Quindi, fai clic su Campionamento automatico e inserisci 1.0 in Set di campionamento per fissare la pressione a un kilopascal. Fare clic sulla barra degli strumenti e selezionare Segnale grande. Regolare la posizione orizzontale del laser e impostare il laser su due micrometri.
Quindi, fai clic continuamente su L e R per assicurarti che il segnale sia forte e uniforme. Fare clic su Time to Record per raccogliere i dati, che passa automaticamente a Buffer al termine. Quindi, salvare i dati in File NFA e fare clic su Campione per selezionare Scarica.

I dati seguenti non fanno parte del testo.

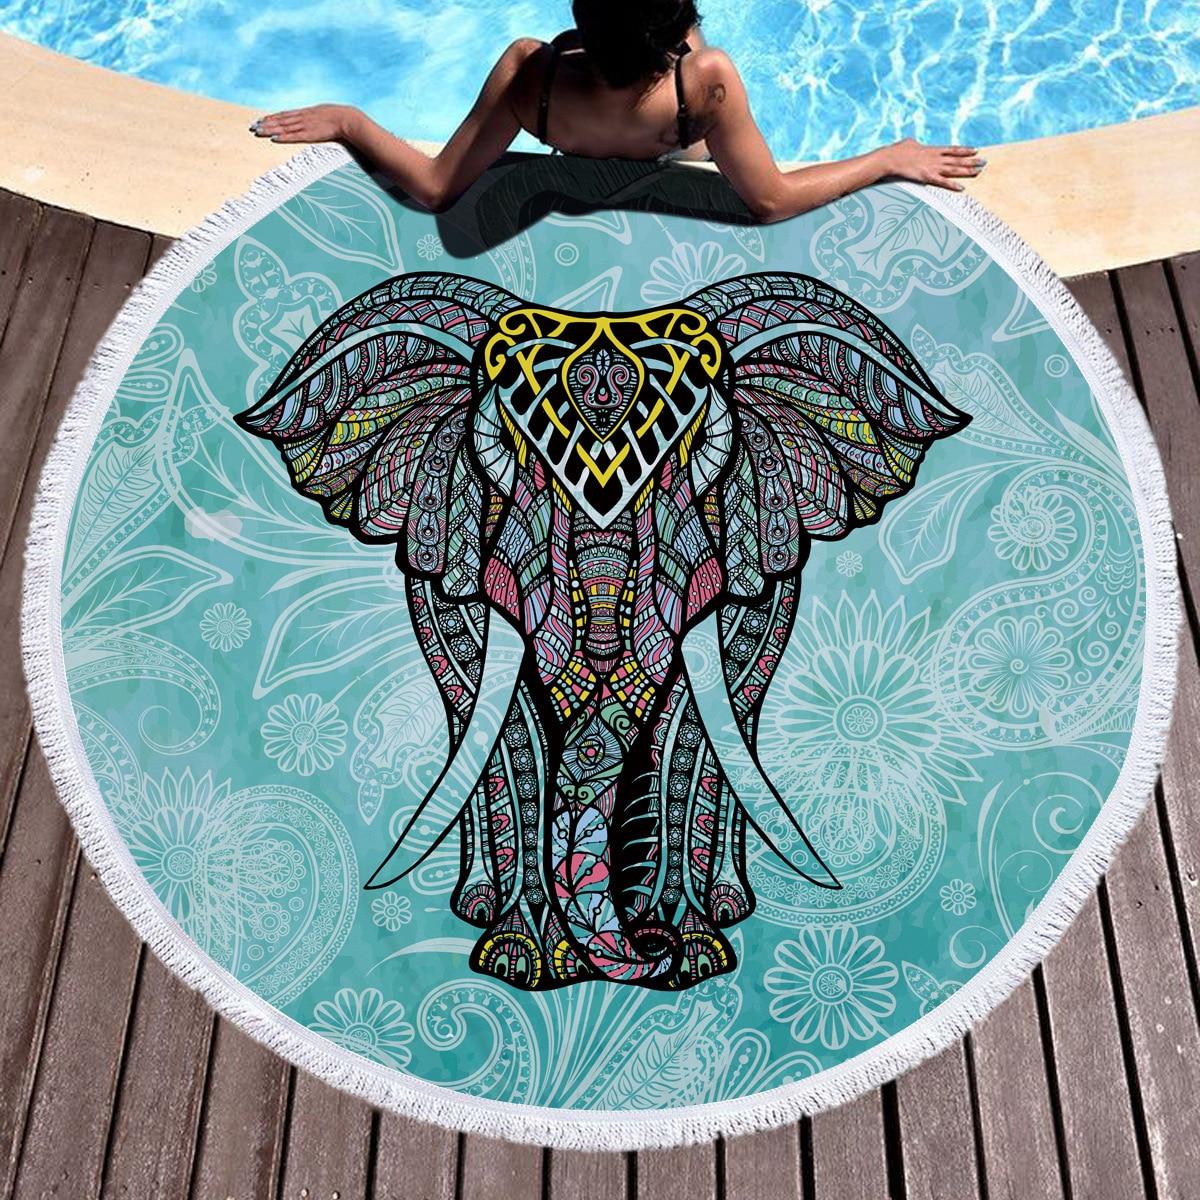 150cm <font><b>Bohemian</b></font> <font><b>Indian</b></font> Mandala Beach Throw Large Round Elephant Beach Towel Picnic Blanket Mat Pool <font><b>Tapestry</b></font> Decoration Yoga Mat

Posizionare il tubo della soluzione detergente sulla piattaforma di carico. Fare clic su Campione, selezionare Boosting e dopo un minuto fare clic su Campione e scarica. Utilizzare acqua ultrapura per rimuovere la soluzione detergente residua dalla punta capillare.
Posizionare il tubo standard di dimensioni delle particelle sulla piattaforma di carico e fare clic su Sample Boosting per un minuto. Selezionare il controllo di qualità da 68 a 155 S16M-Exo in Informazioni campione e fare clic su Campione, quindi su Campionamento. Quindi, fai clic sulla barra degli strumenti e seleziona Piccolo segnale.
Fare clic su Time to Record per raccogliere i dati, che passa automaticamente a Buffer al termine. Quindi, salvare i dati in un file Nfa e fare clic su Campione per selezionare Scarica. Dopo aver rimosso i residui con la soluzione detergente, posizionare il tubo PBS sulla piattaforma di carico ed eseguire i passaggi dimostrati per il tubo standard di granulometria.
Quindi, pulire la punta capillare come dimostrato in precedenza e caricare il campione sEV per analizzare i dati descritti in precedenza per il tubo standard di dimensione delle particelle. I sEV purificati sono stati esaminati al microscopio elettronico a trasmissione, che ha rivelato la presenza di sEV con una morfologia a forma di coppa. È stata effettuata la citometria a flusso per i sEV.
E la dimensione delle particelle variava da 40 a 200 nanometri, e la dimensione media delle particelle era di 89 nanometri. La purezza dei sEV arricchiti è risultata essere del 68,32%I marcatori proteici di sEV come CD63, CD9 e TSG101 sono stati rilevati dal western blot. GM130 è stato utilizzato come marcatore di controllo negativo dei sEV, che è stato trovato nelle cellule tissutali ma non nei sEV.
È fondamentale eseguire le fasi della digestione enzimatica, dell'ultracentrifugazione differenziale e della filtrazione a membrana con la massima cura per garantire la purezza delle piccole vescicole extracellulari.